Warning signs of cyber crime according to UK National Crime Agency - CSDude
http://www.nationalcrimeagency.gov.uk/crime-threats/cyber-crime/cyber-crime-preventing-young-people-from-getting-involved
======
throwawayukcyb
Children committing crimes using computers is a real problem and should not be
disregarded. See the last portion of "Reflections on Trusting Trust".

That said, this webpage is dangerous and misleading for a lot of reasons, but
I'll try to focus on the problems that are actionable:

1\. The "warning signs" the article enumerates are almost certainly not
significantly correlated with youth who commit cyber crimes. In other words,
the warning signs are probably just some made up bullshit someone with
arbitrary biases came up with and put online. ( _Even if_ it accurately
describes _every_ youth convicted of cyber crime, that still doesn't mean that
it's remotely likely to be correlated with cyber crime.)

In my mind, there's no material difference between teenagers who bully geeks
and the author of this article -- both are identifying people who are
different from them and then bullying them for being different.
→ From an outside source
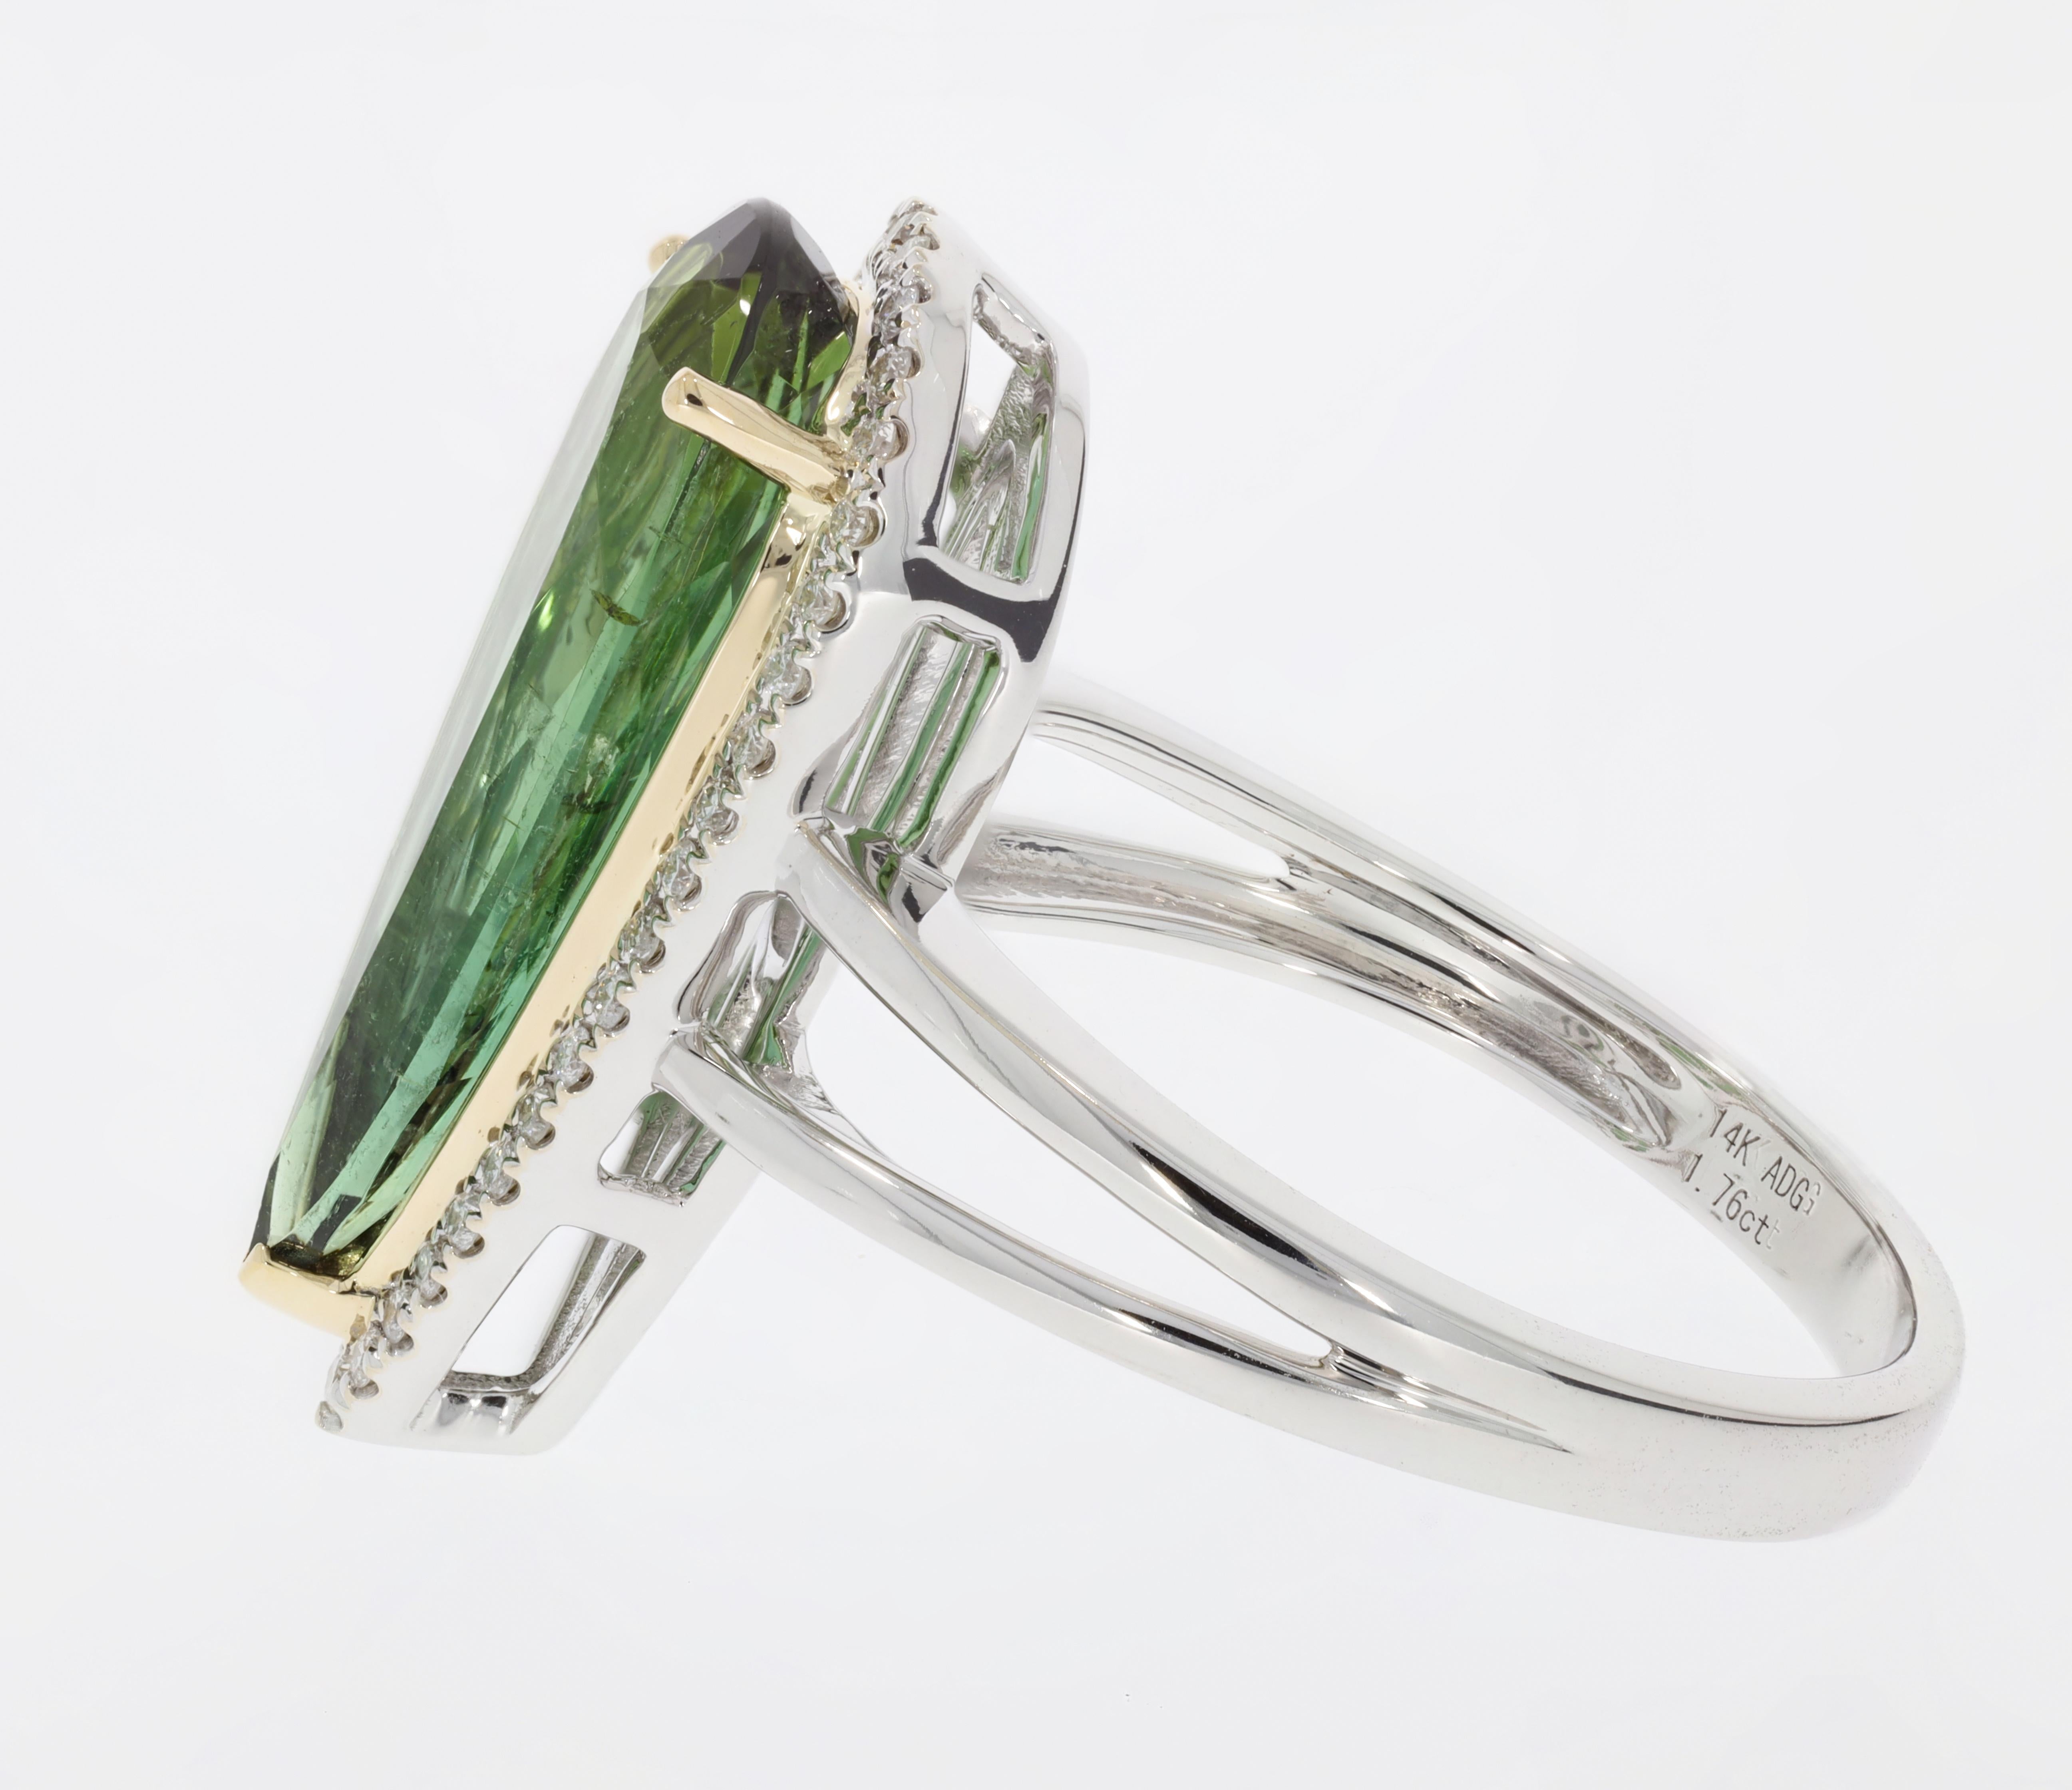 This bright green Tourmaline is reminiscent of Mozambique Paraiba Tourmaline, with its vibrant color and magnificent cutting. The gorgeous ring is accented with 0.15 ct of Diamonds and set in two-tone white and yellow gold. 
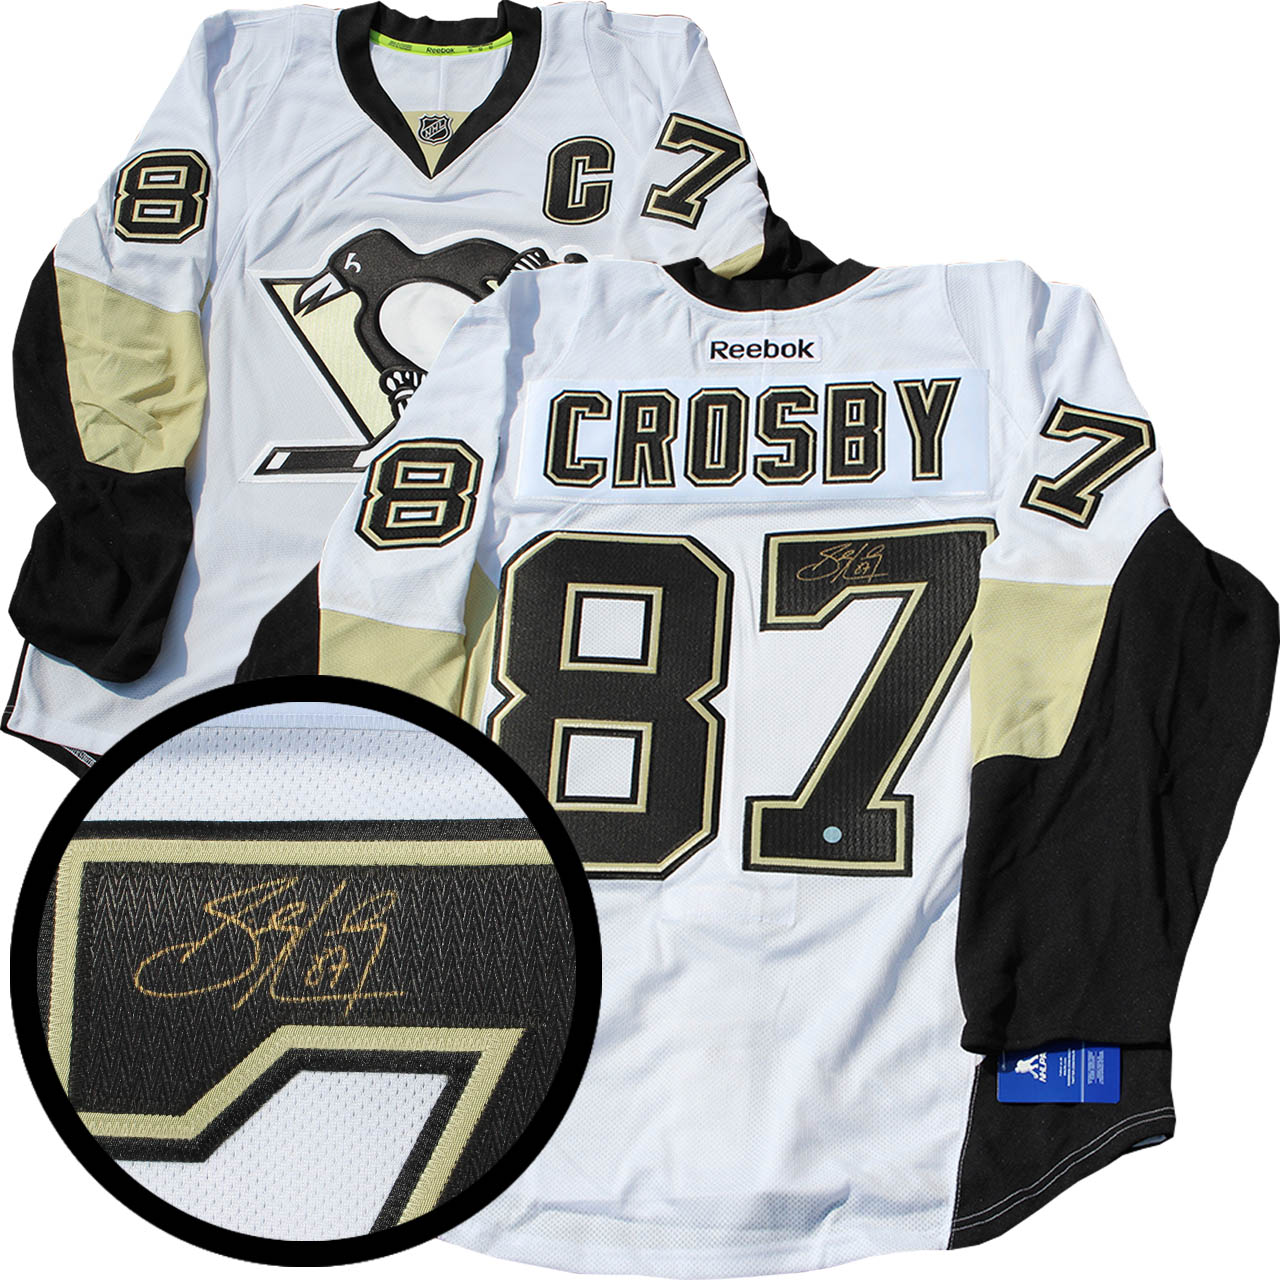 crosby autographed jersey

The only
difference is that the author of this article has fooled themselves into
thinking they have a justifiable excuse for painting with a broad brush.

2\. The focus on computer security in the alternatives is misplaced.
Especially considering the "warning signs". Far better to find the kid some
bright mentors who match them intellectually _in any field_ than to focus
arbitrarily on computers -- much less computer security! A socially isolated
student who's teaching themselves to program is not likely to do much more
than roll their eyes if you explain to them that they could spend their life
configuring firewalls and installing AV.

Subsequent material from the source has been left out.